Exclusion of delays caused by the 22 incidents (29% of requested studies) of queue overlap reduces the average delay time (averaged for all the studies) from 6.9 to 5.7 seconds (e.g., last row in last two columns on Table 3). All delay times exceeding 12 seconds (10 incidents) were attributed to queue overlap. The standard deviation (average for all the studies) drops from 5.2 to 3.3 seconds.

Results

The queue backlog condition that was simulated in this research allows several types of findings to be discussed. Several critical assumptions and parameters of importance for at least our laboratory configuration are discussed in Important Parameters. The framework of a prediction algorithm is described in Prediction Algorithm. Implications for a Clinical System discusses the implications of these findings on clinical systems. We discuss future research plans based on our findings in Future Research.

Important Parameters

Our simulation results reflect an important data collection assumption—that each study request had to be queried individually. A unique study number had to be manually typed in to query and then retrieve the study. This protocol was adopted after observing that a query command retrieving multiple studies (e.g., all studies of patient xyz or studies containing string 1234) placed all of the selected studies in the same queue of our PACS Simulator. This places multiple study requests in a single queue forcing a queue backlog to develop. The transmission rate to workstations would then be limited by the sequential processing of the queued requests regardless of the state of the three remaining queues. It should be noted that our PACS can process requests made from multiple workstations at the same time, just not multiple studies requested at the same time from the same workstation.

Some might argue that this protocol assumption was somewhat artificial. After all, a radiologist might wish to retrieve all studies for a particular patient before starting to read an examination. Or a PACS might be configured with the policy to prefetch all studies for a patient. Our point is that the implementation approach chosen by our PACS developers for requesting multiple studies at the same time will increase the duration of transfer. All of the studies made in a single request ended up in the same queue. A more effective implementation is to assign each study requested to its own queue or thread.

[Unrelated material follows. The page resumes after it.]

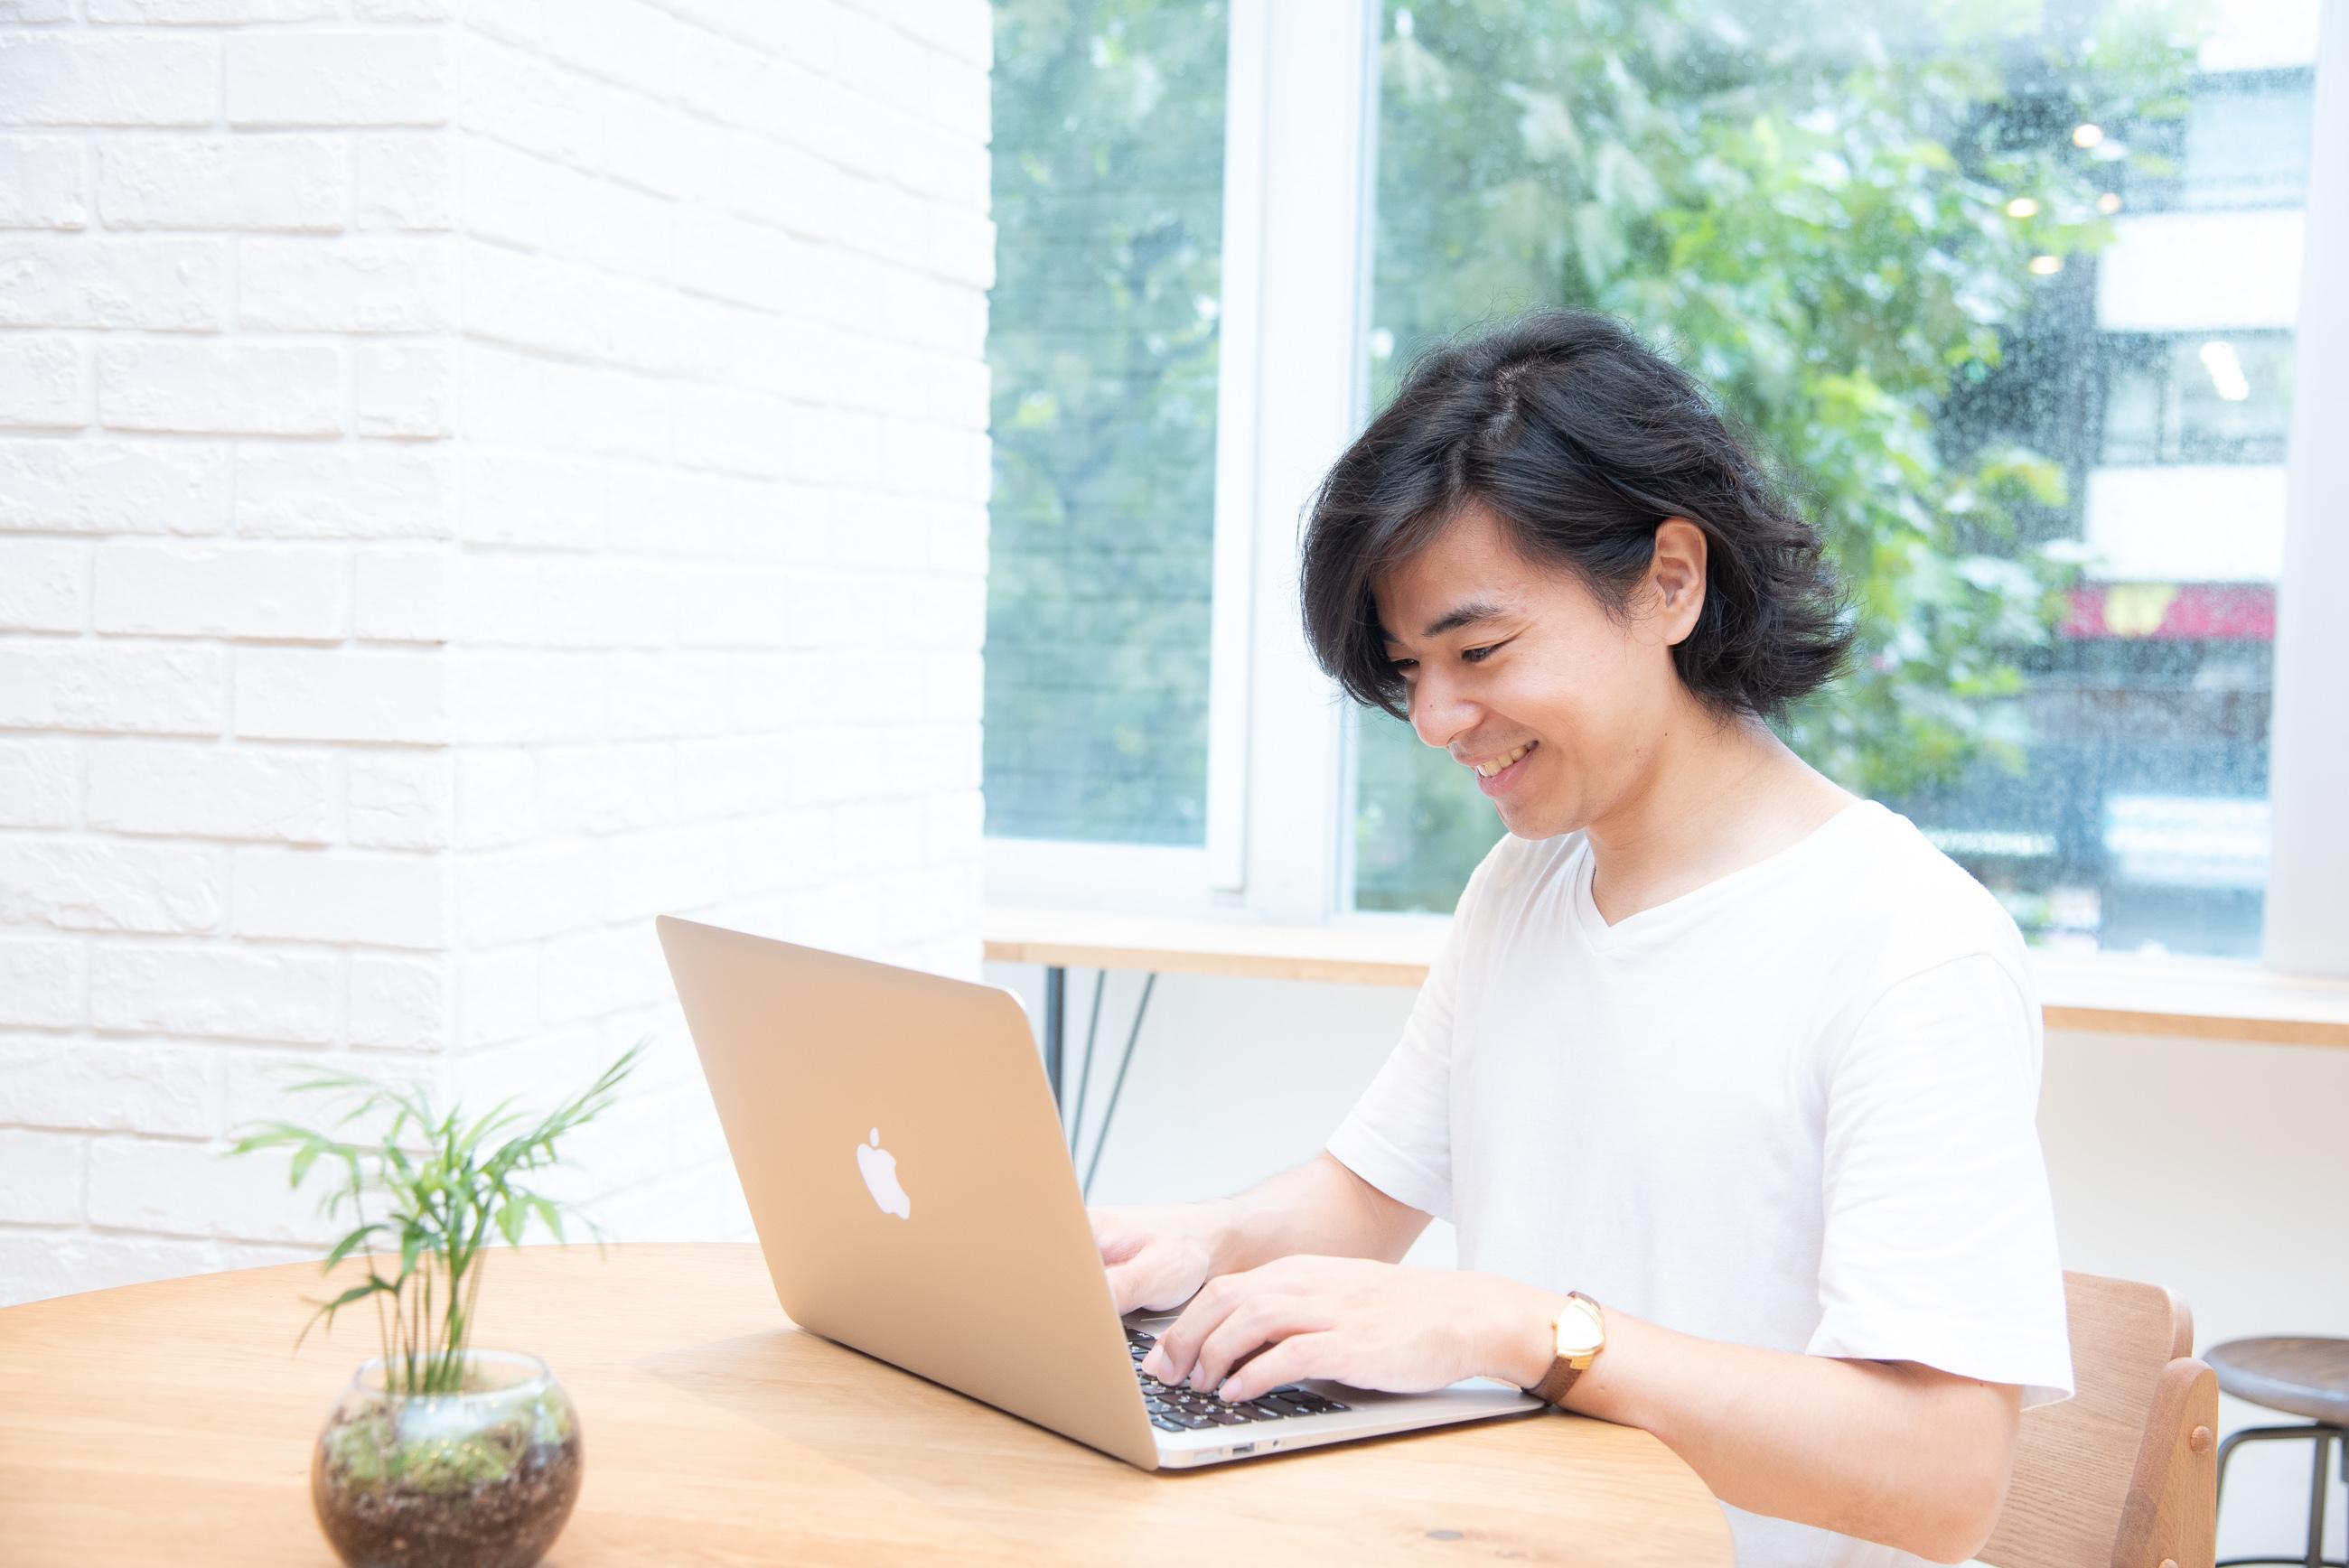 【オンライン完結】教えながら自分の基礎スキルUP!PHPの経験を生かしてプログラミング講師として活躍してみませんか?

The bottleneck in our laboratory configuration was a slow 10 Mbps network segment where Client1 and Client2 resided. The transfer rate is slow to these two workstations, which lengthened the time a study resides in the PACS while being processed. Because our protocol required studies to be requested individually, more than one study could be transferred at one time to a workstation. For these two workstations, other studies were being simultaneously processed 88% and 76% of the time, respectively. In contrast, the other three workstations on the fast network (e.g., 100 Mbps) received the studies very quickly, which reduced the incidents of a study being transferred at the same time to between 19% and 28% of the time.

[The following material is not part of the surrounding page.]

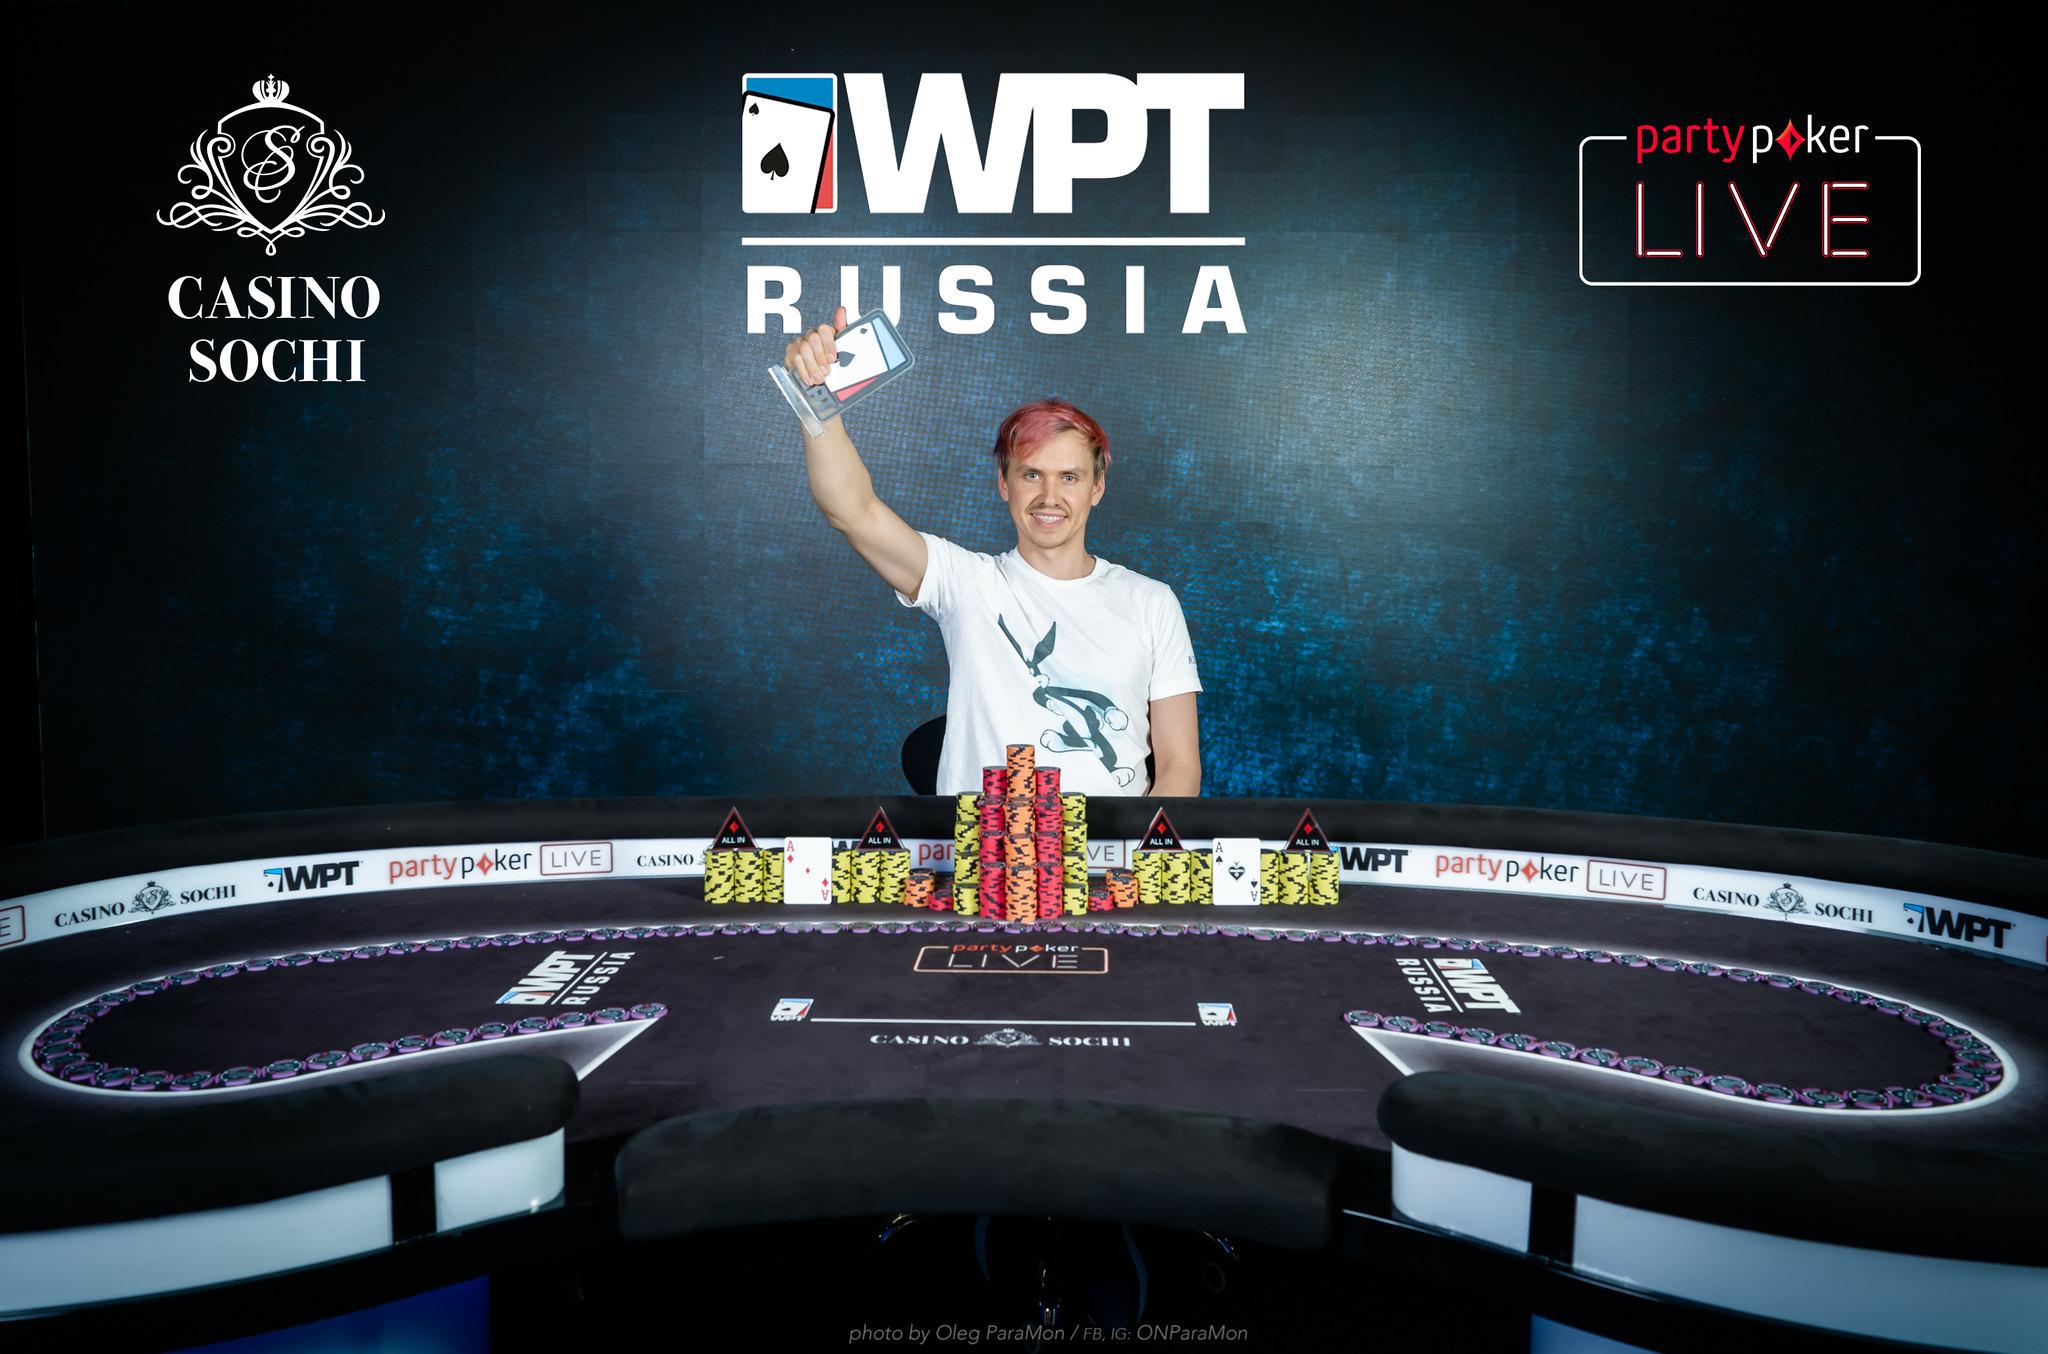 马克西姆·塞克雷塔列夫成为WPT俄国最年轻的冠军(160,694美元)(图3)

The key parameters encountered in this simulation that can be used in predicting delivery time consist of two types. The first type of parameters are related to physical attributes such as network configuration, image type (e.g., modality), and workstation hardware. Choice of network segment has a large impact for two reasons. First, the studies may need to pass through additional network devices such as firewall or switch. Second, network contention further slows transfer rates when studies are being simultaneously transmitted. Client1 and Client2 on a network segment passing through both a firewall and 10 Mbps switch were markedly slower than Client3, Client4, and Client5 sitting on the same segment as PACS. Transfer rates were also markedly different by modality type (Table 4) for all workstations. The configuration of workstation hardware is a parameter when the DICOM client must process the header and store the files locally. For example, Client4 (2.8 GHz CPU) transfers studies several times faster than Client5 (0.7 GHz CPU).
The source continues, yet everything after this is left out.